How to place your snaps elsewhere than /var/lib/snapd

Hi There.

I struggled with this myself, as i could not find any one clear guide with the requisite steps, so I thought I’d just show everyone exactly what I did to make it work.

I want mine to be in /opt/snapd

Please note, this was on Manjaro, but i see no reason it should not function elsewhere: (given the proper install command, of course)

First, install snapd

sudo pacman -Sy snapd

Then disable snapd and snapd.socket services:

sudo systemctl stop snapd
sudo systemctl disable --now snapd.socket

Then move the snapd folder to the desired location, for me that was in opt

sudo mv /var/lib/snapd /opt/snapd

Then create a new snapd folder in /var/lib/snapd

sudo mkdir /var/lib/snapd

We then mount the dir containing the actual files into the original snapd path, using mount --bind like so:

sudo mount --bind /opt/snapd /var/lib/snapd

Then, to use apps with classic confinement, we need to symlink snap to the root, it’s important though that it’s linked from /var/lib/snapd, this will do the trick:

sudo ln -s /var/lib/snapd/snap /snap

Now we should be good to actually start the snapd service

sudo systemctl enable --now snapd.socket

and finally we need to make certain that the dir mount is performed at every startup, elsewise whatever you install in this session will not work after next reboot. First open fstab (i used nano for this):

(warning though: messing this file up can break your system, so do not touch the existing lines!)

sudo nano /etc/fstab 

we add the following line to the end of the /etc/fstab

/opt/snapd /var/lib/snapd none bind 0 0

Reenable snapd services:

sudo systemctl enable --now snapd.socket
sudo systemctl start snapd

And that’s that. To verify that everything works, login to the snap store:

snap login youremail@address.domain

and install some app, since we wish to verify that everything works, including classic confinement, lets go for Visual Studio Code:

snap install vscode --classic

Run the app to make sure it can start:

snap run vscode

Once it has, i advice rebooting and try starting it again. If it worked before reboot, but not after, go back and verify that the line you added to /etc/fstab was correct.

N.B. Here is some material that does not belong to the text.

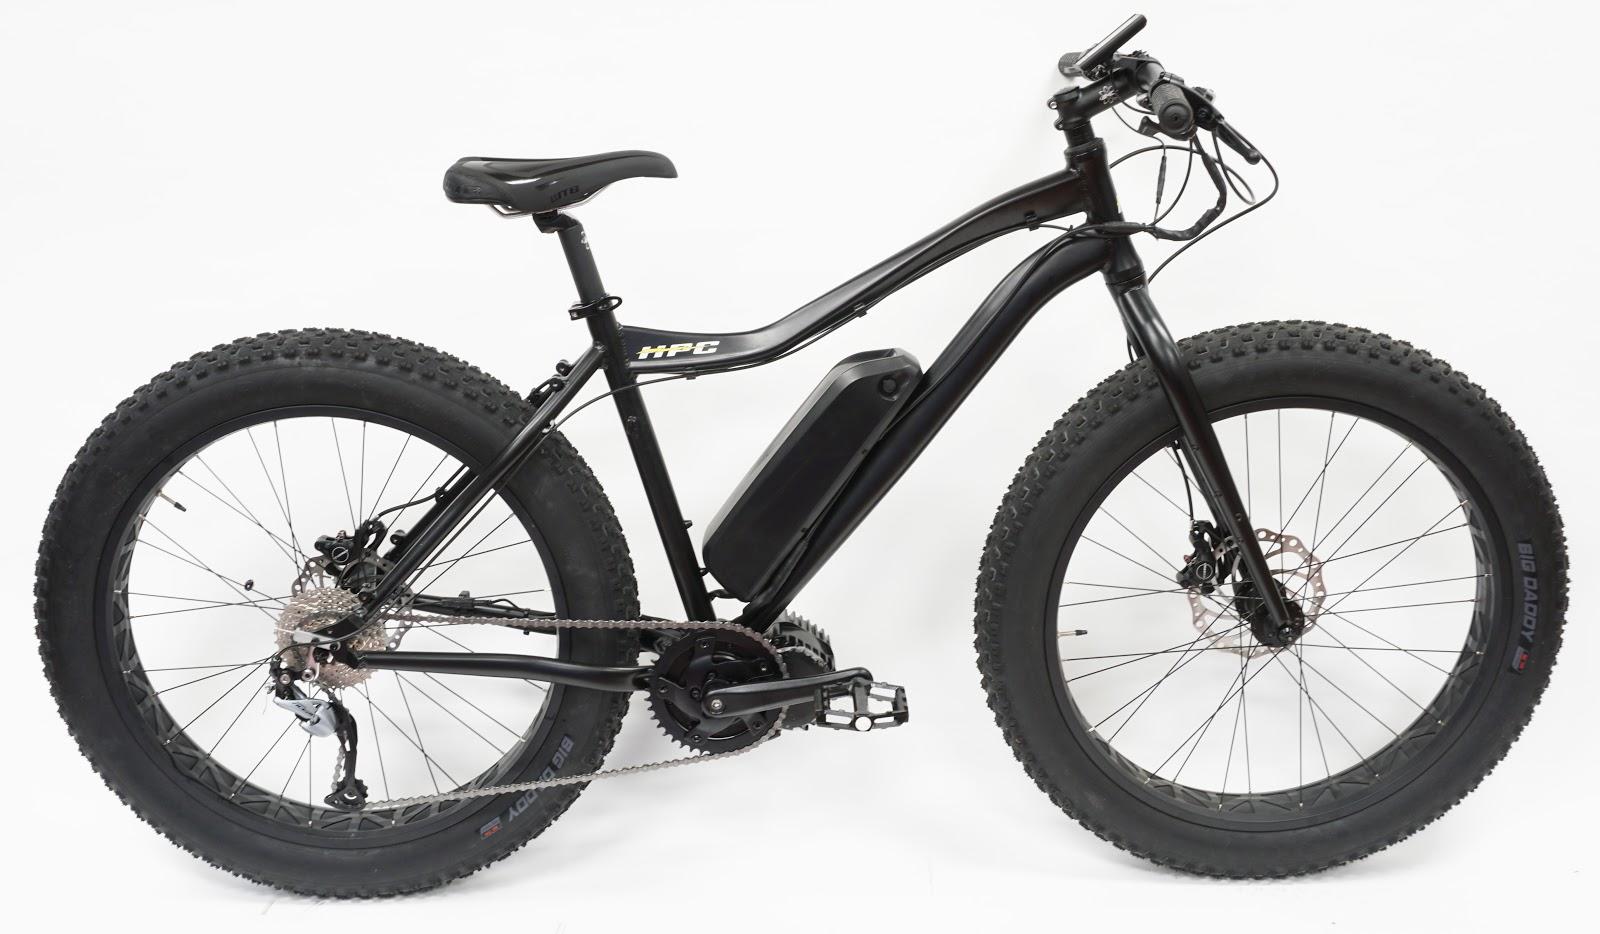 Crazy Fat E Bike Pricing Exposed

I hope this helps someone. Cheers! :slight_smile:

2 Likes

you definitely want to use systemctl to stop the snapd and the snapd.socket sevices before doing your first mv command above, to not pull out the carpet underneath the running snapd !

3 Likes

Thanks for this, very helpful. However, I think in your line:

sudo ln -s /var/lib/snapd/snap /snap

the order of the args is wrong as this creates a link in /snap? It suggests that this step is not necessary, I created a backup of my snapd dir and I don’t see snap in there?

Thanks

Tim

Would there be any different commands for a debian based system?